Goal of the exercise -
Leave the images aside and repeat the whole listing exactly.

Supplied information -

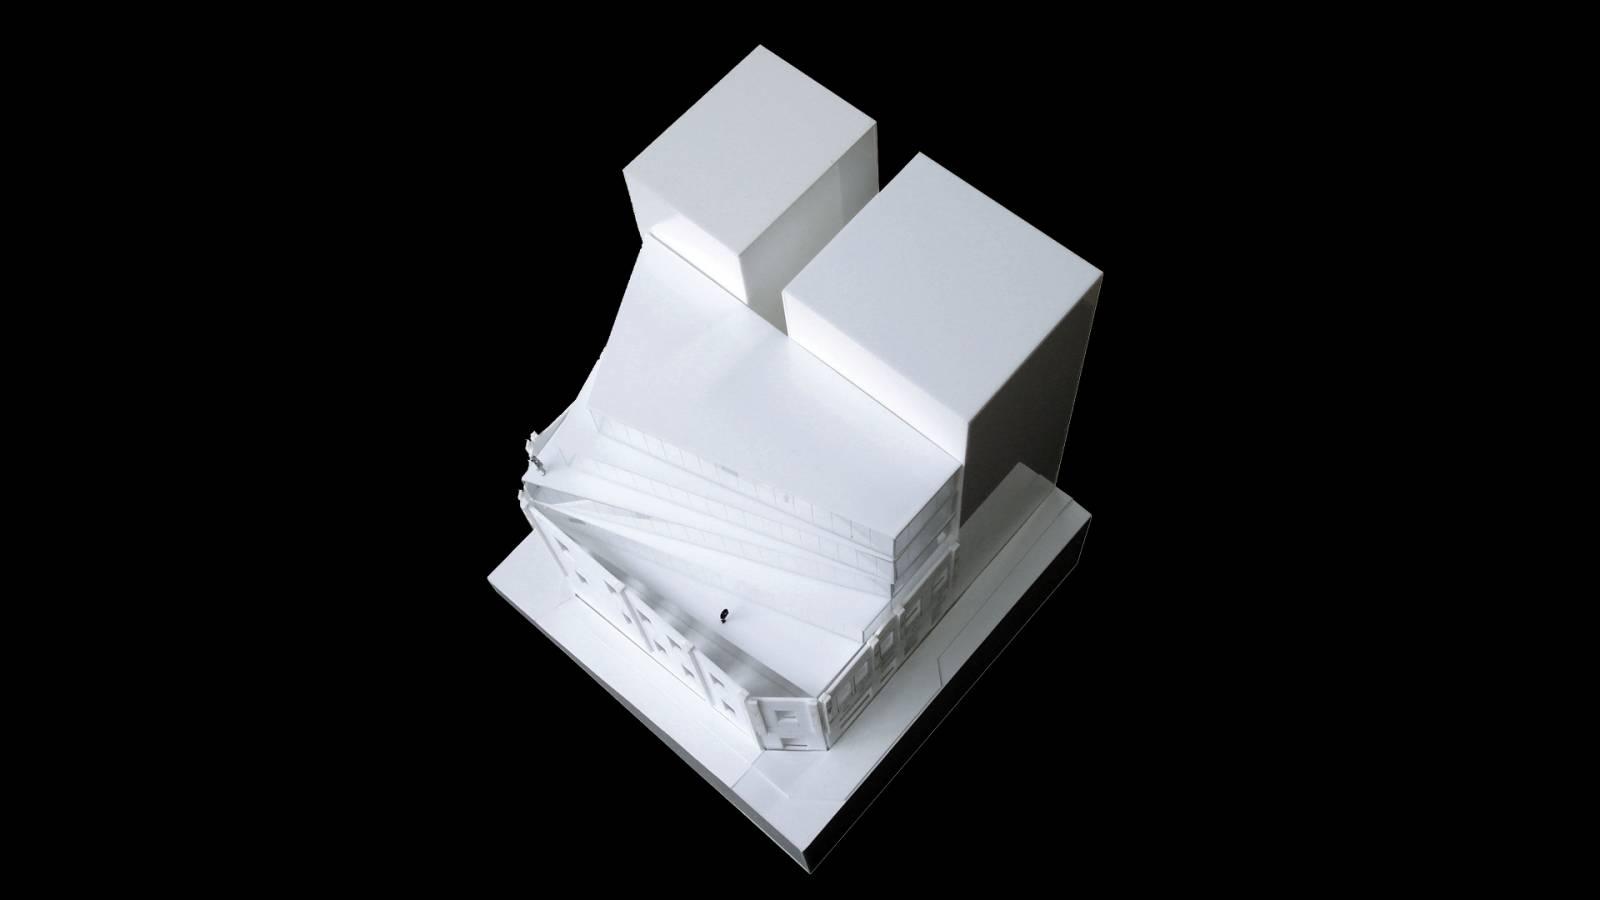 MODEL PHOTO - Delicatessen - SPOL Architects
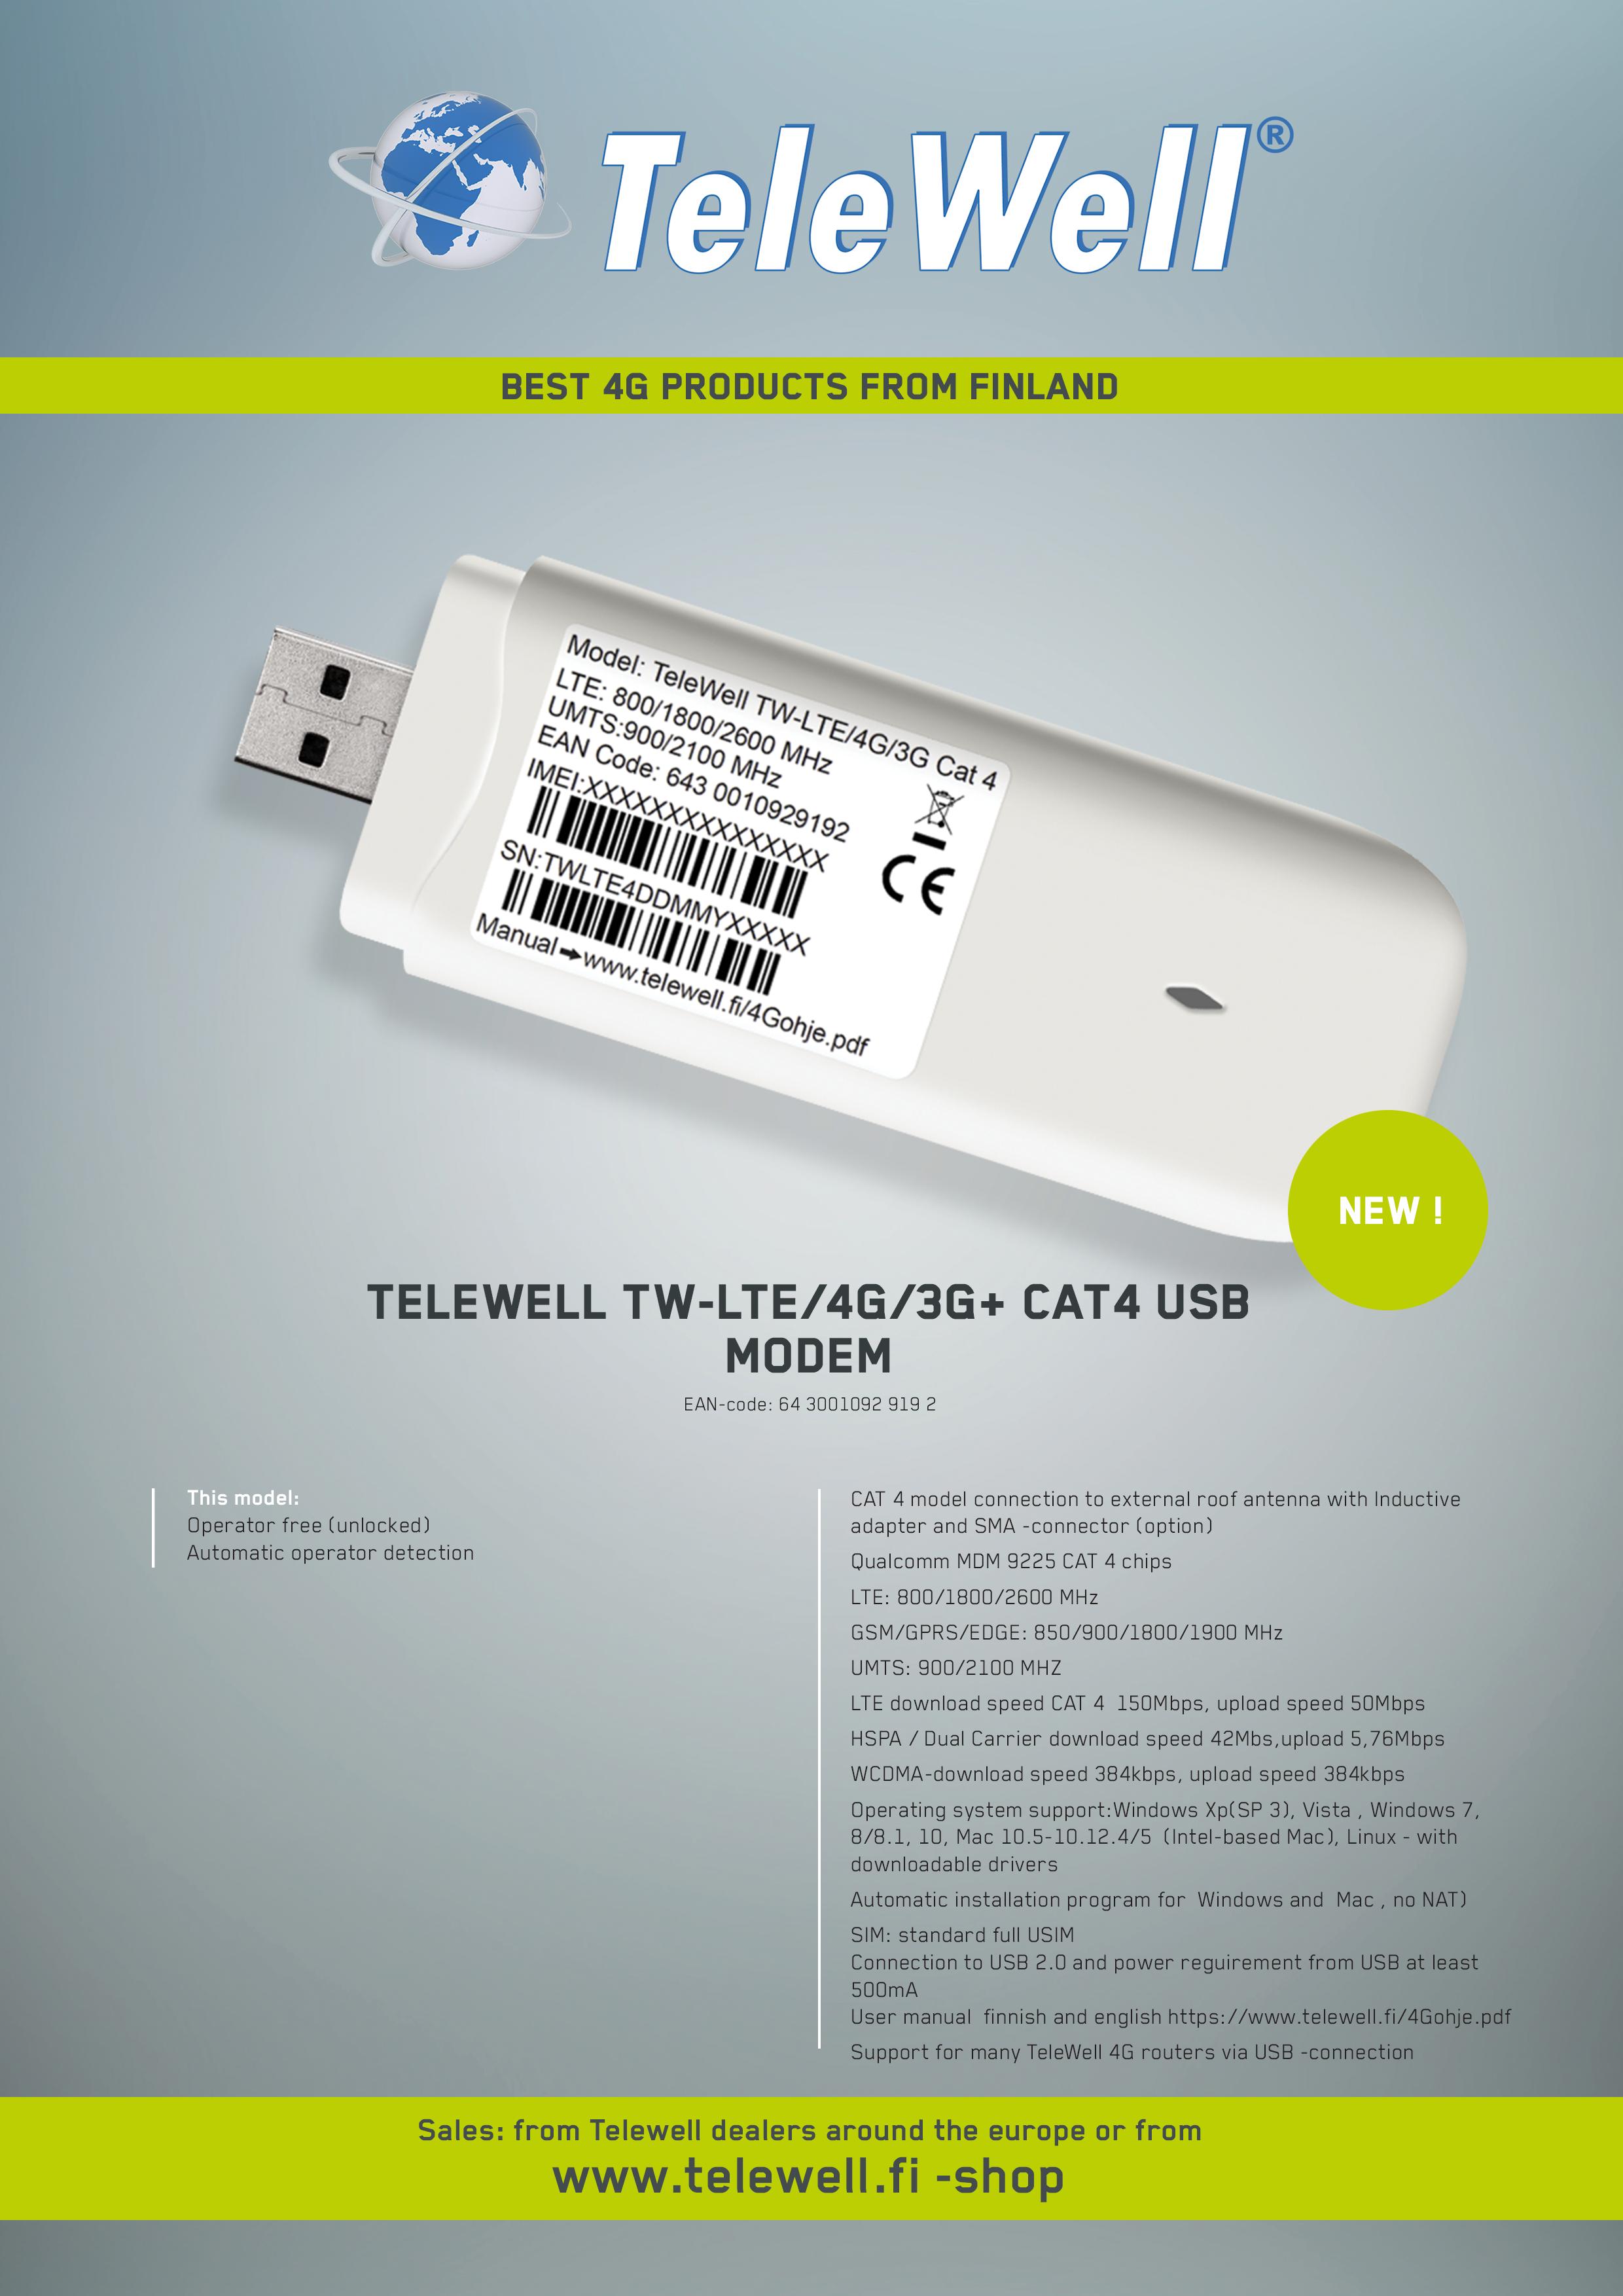 Telewell - TW-LTE/4G/3G Cat 4 modem
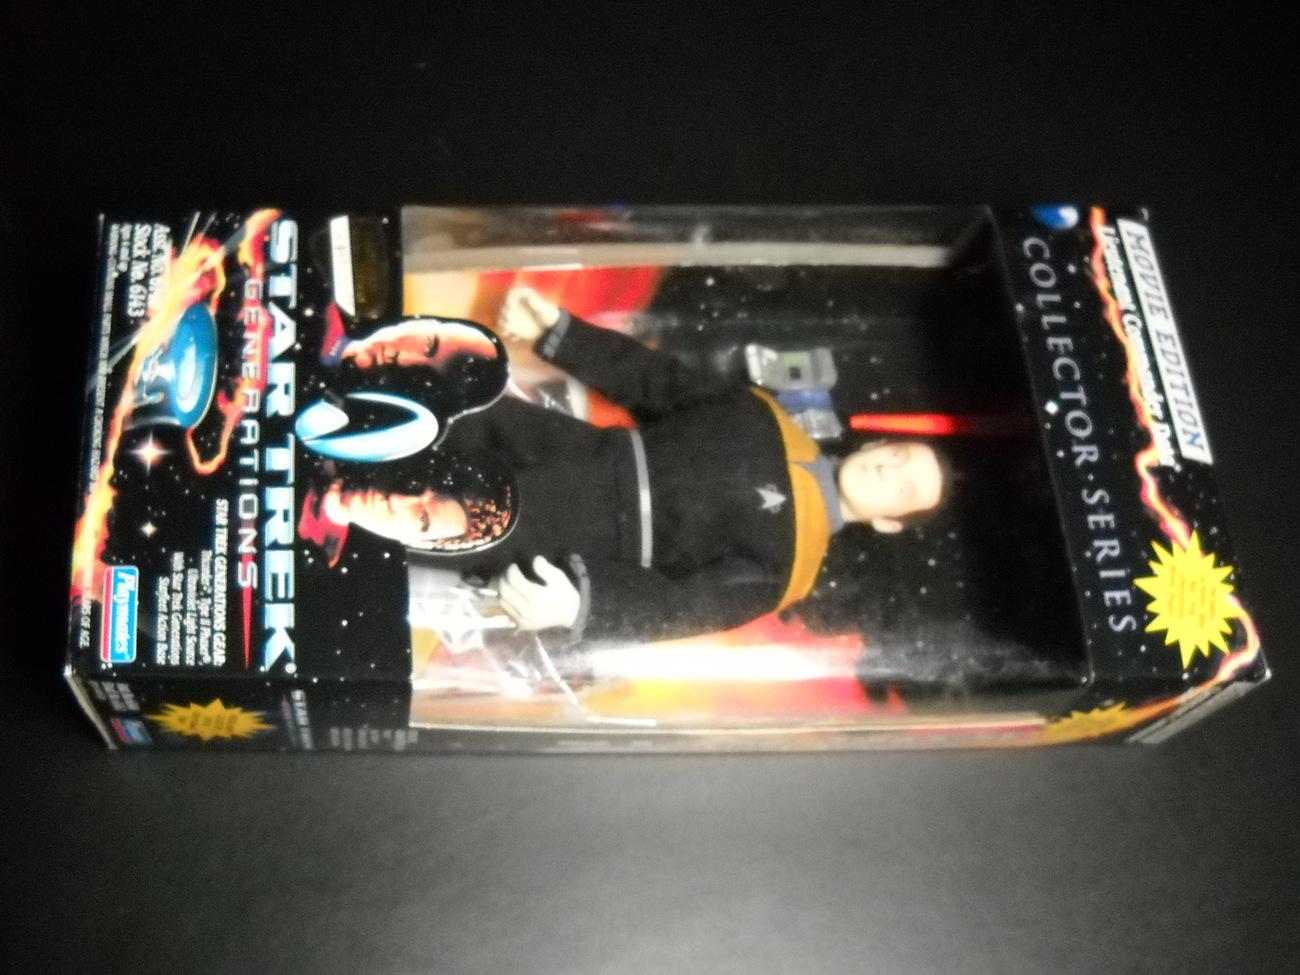 Toy star trek playmates star trek generations movie edition lt commander data 1994 9 inch boxed sealed 01

Solution to this task -
 MODEL PHOTO - Delicatessen - SPOL Architects
 Telewell - TW-LTE/4G/3G Cat 4 modem
 Toy star trek playmates star trek generations movie edition lt commander data 1994 9 inch boxed sealed 01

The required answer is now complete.